**Data below**
:::

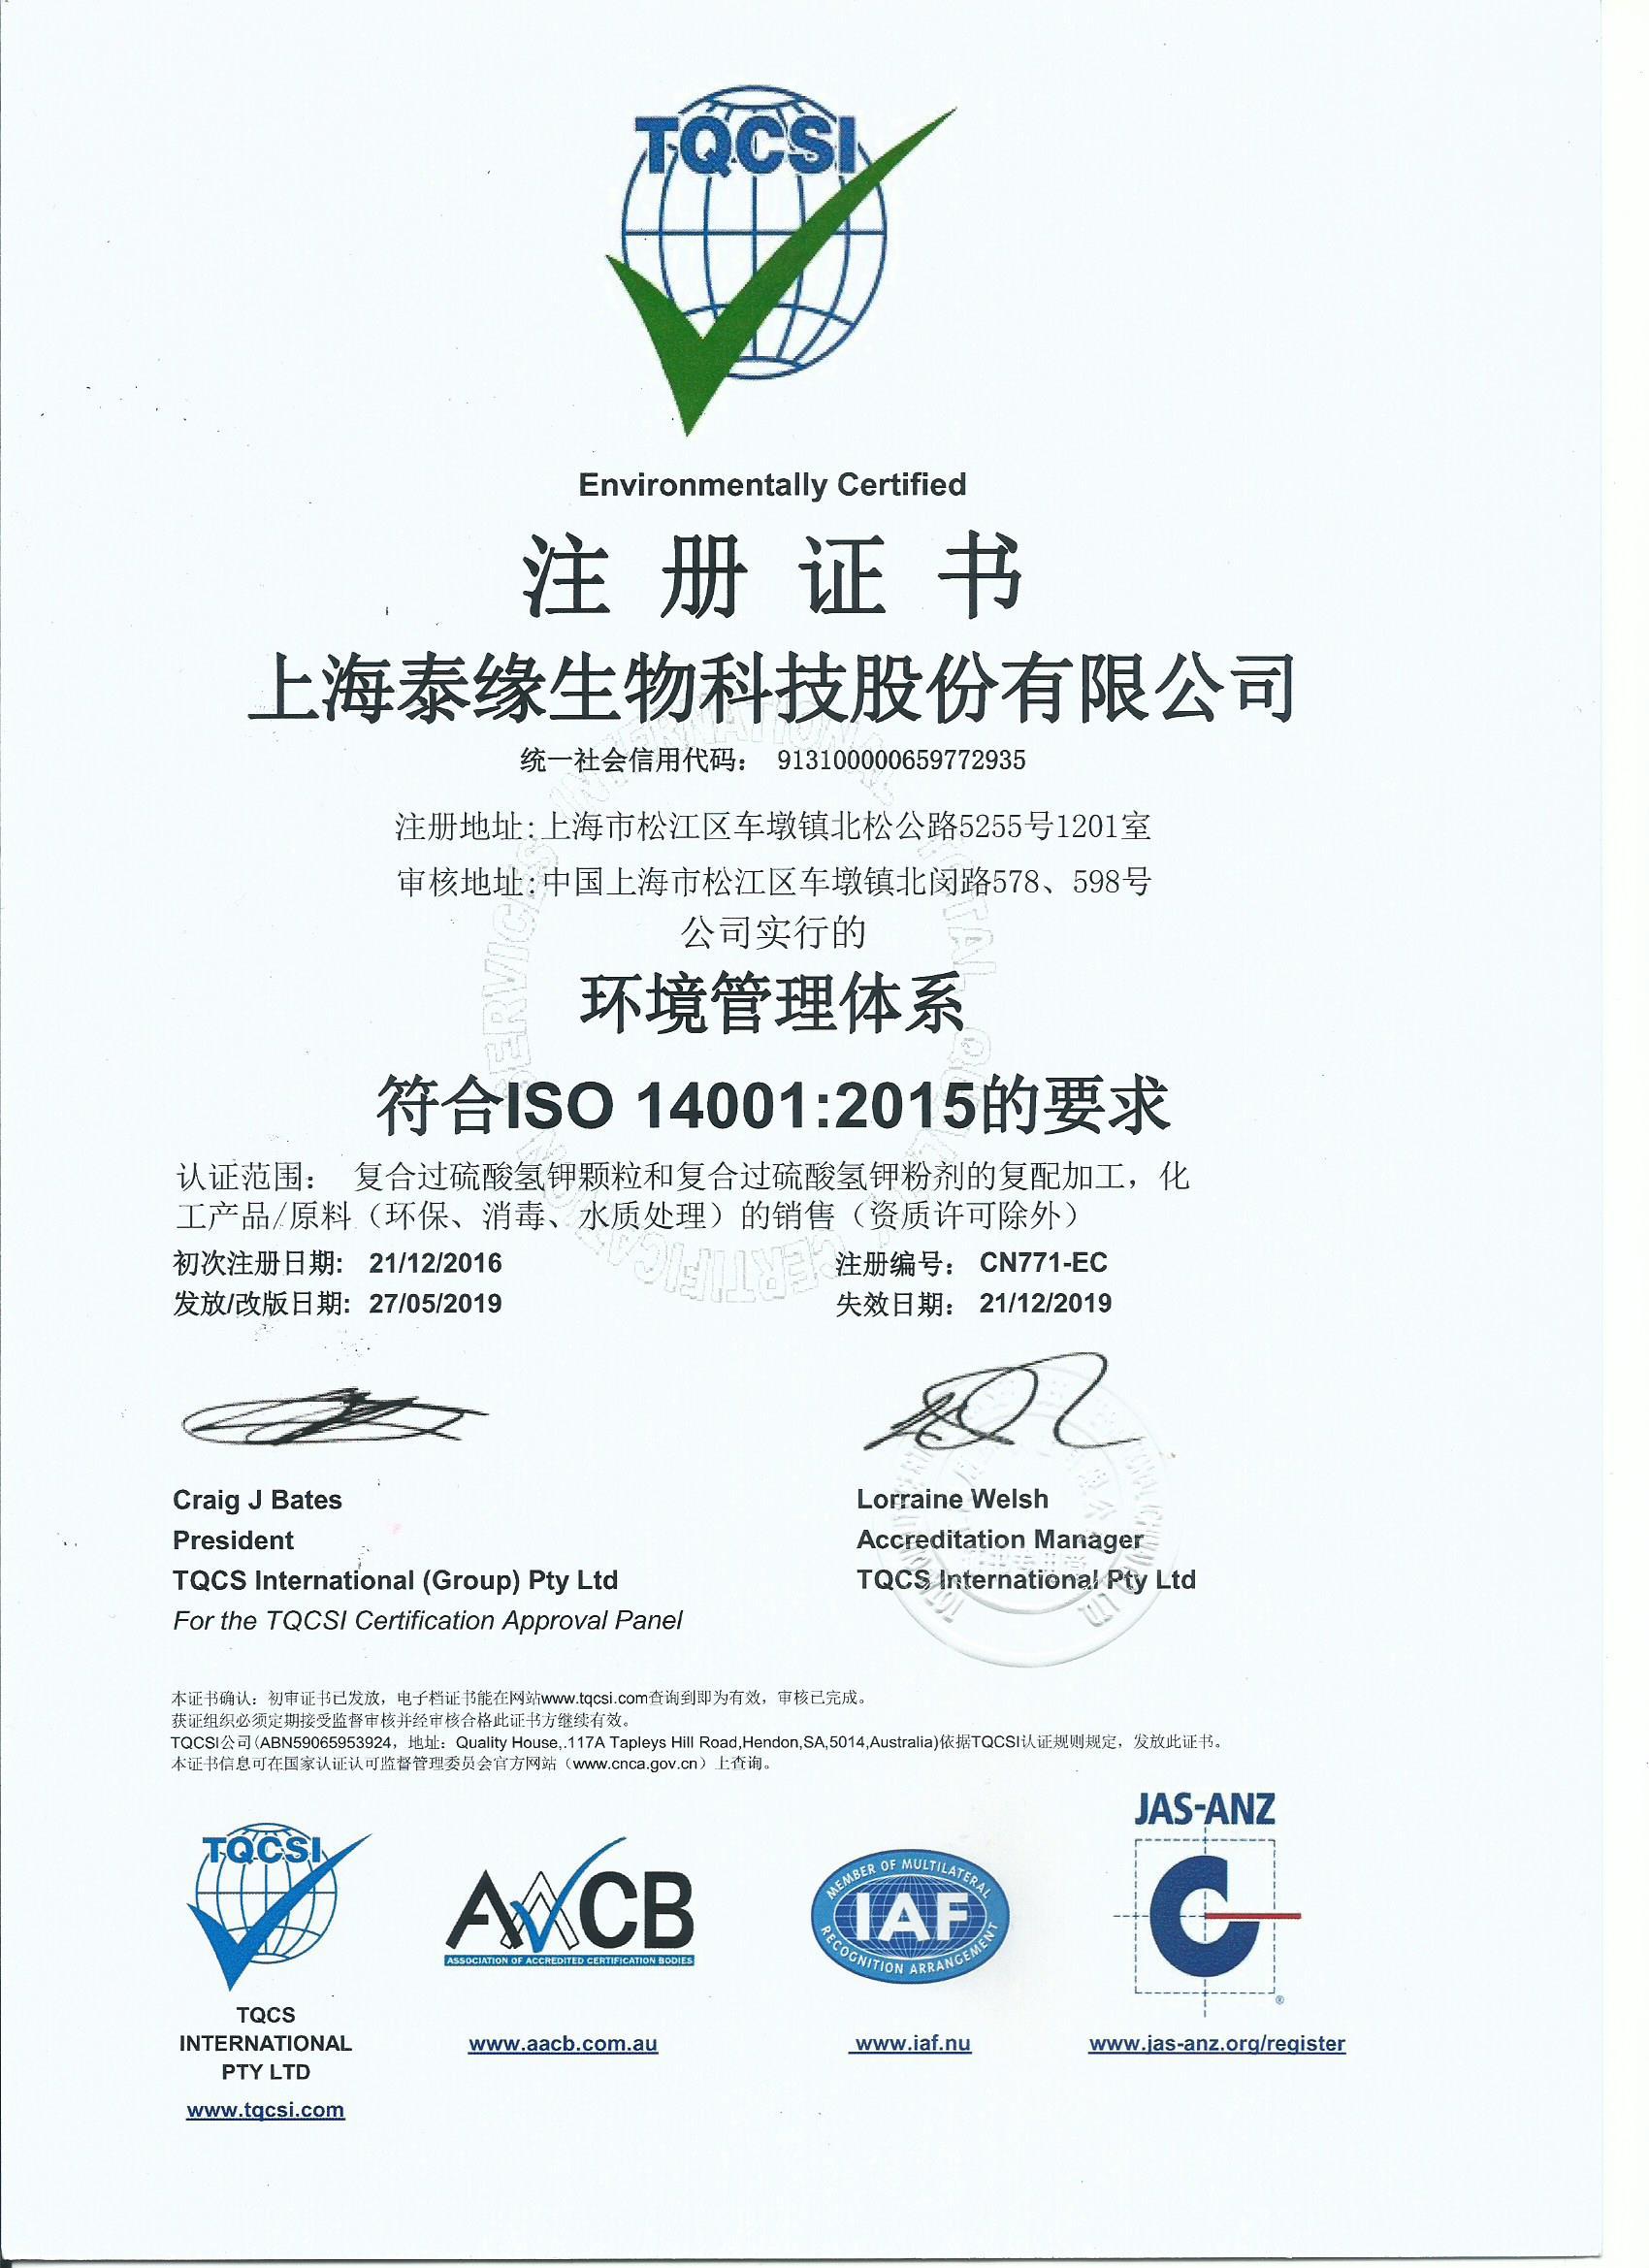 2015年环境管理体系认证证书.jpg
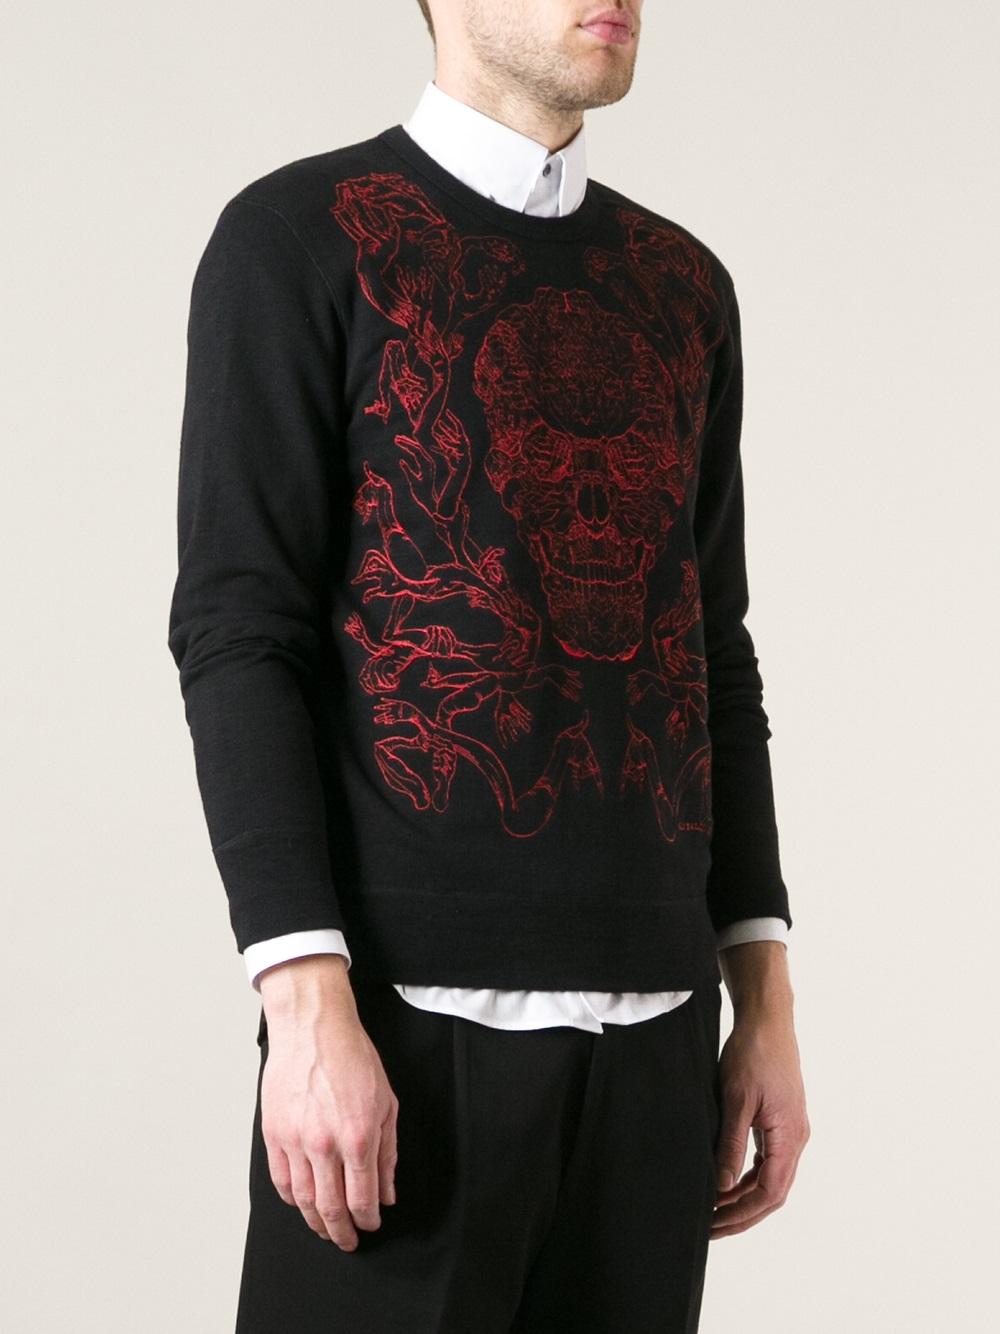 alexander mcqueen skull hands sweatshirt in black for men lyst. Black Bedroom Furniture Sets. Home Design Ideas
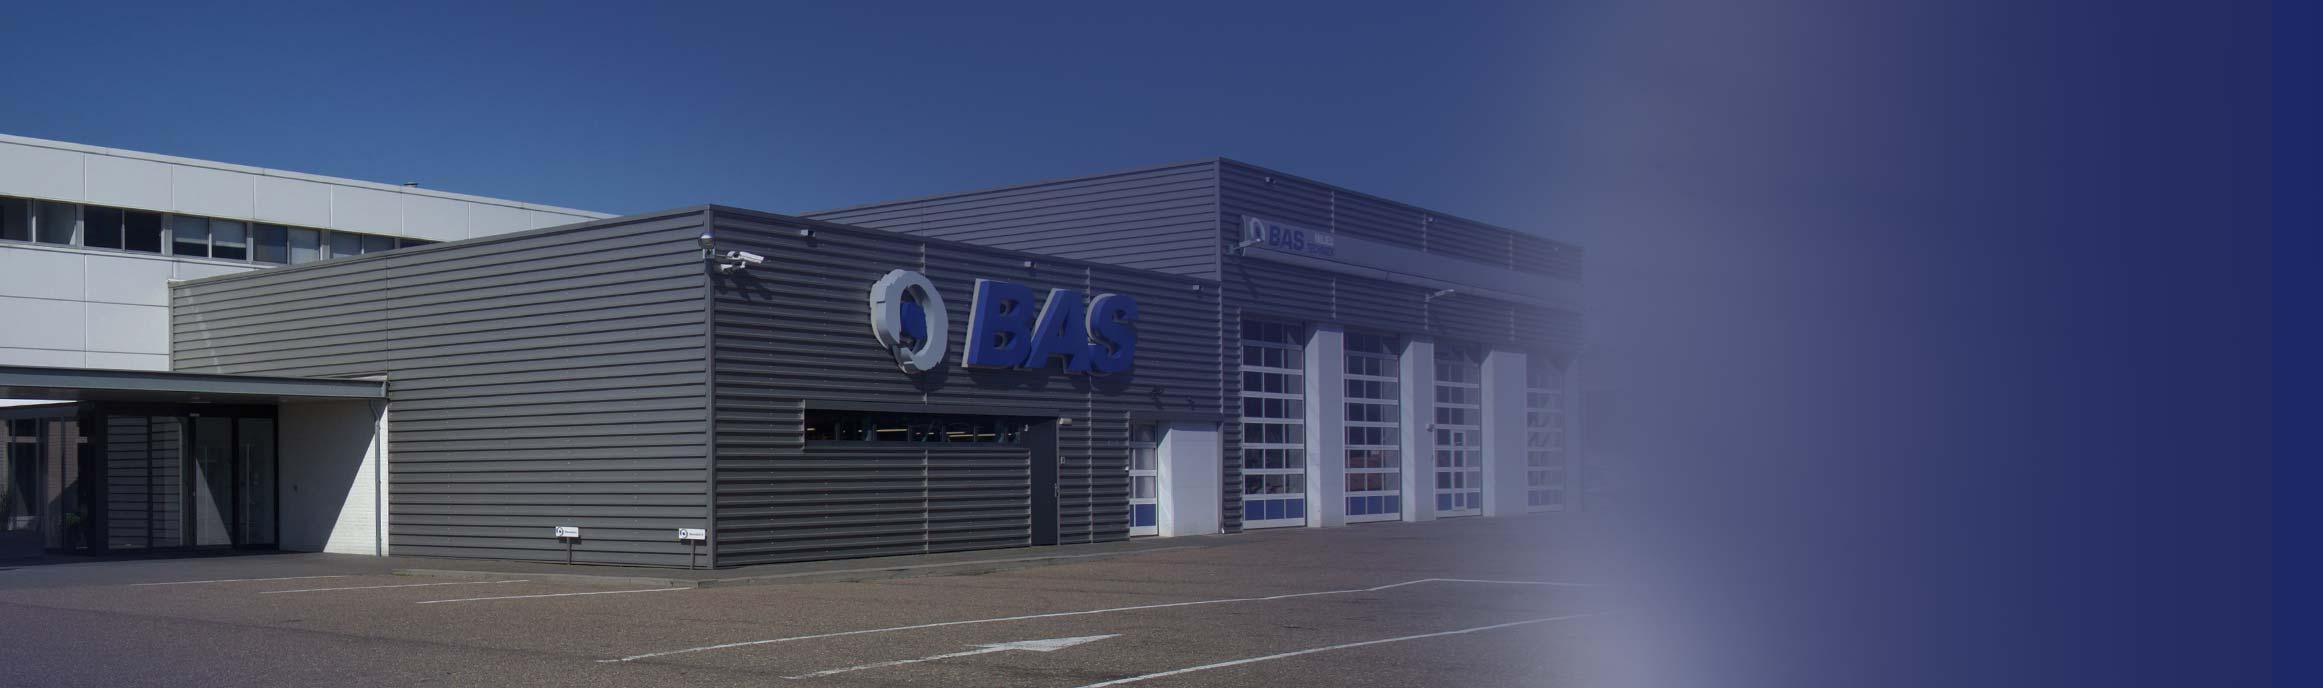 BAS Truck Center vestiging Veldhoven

:::

**What is being asked**
Go through the data above and transcribe it in full, omitting any image.

**Your response**
 2015年环境管理体系认证证书.jpg
 alexander mcqueen skull hands sweatshirt in black for men lyst. Black Bedroom Furniture Sets. Home Design Ideas
 BAS Truck Center vestiging Veldhoven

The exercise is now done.